▶ **Dataset**:
____
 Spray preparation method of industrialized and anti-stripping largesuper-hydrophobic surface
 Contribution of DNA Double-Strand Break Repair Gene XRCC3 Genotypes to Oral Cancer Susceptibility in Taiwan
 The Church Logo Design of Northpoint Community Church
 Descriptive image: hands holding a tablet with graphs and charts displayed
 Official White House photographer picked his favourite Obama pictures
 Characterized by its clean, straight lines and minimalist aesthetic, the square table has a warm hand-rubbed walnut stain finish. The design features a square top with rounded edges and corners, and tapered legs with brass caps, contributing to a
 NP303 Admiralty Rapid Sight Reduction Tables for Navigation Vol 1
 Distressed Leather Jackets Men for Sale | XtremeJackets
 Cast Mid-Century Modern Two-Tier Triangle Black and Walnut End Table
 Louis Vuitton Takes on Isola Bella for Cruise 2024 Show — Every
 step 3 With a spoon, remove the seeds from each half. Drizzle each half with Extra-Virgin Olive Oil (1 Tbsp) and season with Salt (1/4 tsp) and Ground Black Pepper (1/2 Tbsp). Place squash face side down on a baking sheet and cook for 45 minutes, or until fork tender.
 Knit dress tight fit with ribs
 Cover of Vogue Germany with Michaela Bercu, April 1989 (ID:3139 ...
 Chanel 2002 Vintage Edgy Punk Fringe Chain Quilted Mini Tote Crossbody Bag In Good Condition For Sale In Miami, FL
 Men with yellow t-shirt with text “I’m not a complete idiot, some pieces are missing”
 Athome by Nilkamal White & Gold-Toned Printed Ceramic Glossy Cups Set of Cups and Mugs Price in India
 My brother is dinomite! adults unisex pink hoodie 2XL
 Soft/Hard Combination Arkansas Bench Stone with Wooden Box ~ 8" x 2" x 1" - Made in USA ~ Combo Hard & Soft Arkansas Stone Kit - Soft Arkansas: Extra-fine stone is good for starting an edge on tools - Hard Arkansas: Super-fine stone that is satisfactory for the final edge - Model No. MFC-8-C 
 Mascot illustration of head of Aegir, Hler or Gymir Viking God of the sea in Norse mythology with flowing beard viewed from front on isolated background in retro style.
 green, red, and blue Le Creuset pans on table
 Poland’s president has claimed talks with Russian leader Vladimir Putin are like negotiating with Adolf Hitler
____
Return only those lines of the records that contain the string "White".

▶ **Solution below**:
 Official White House photographer picked his favourite Obama pictures
 Athome by Nilkamal White & Gold-Toned Printed Ceramic Glossy Cups Set of Cups and Mugs Price in India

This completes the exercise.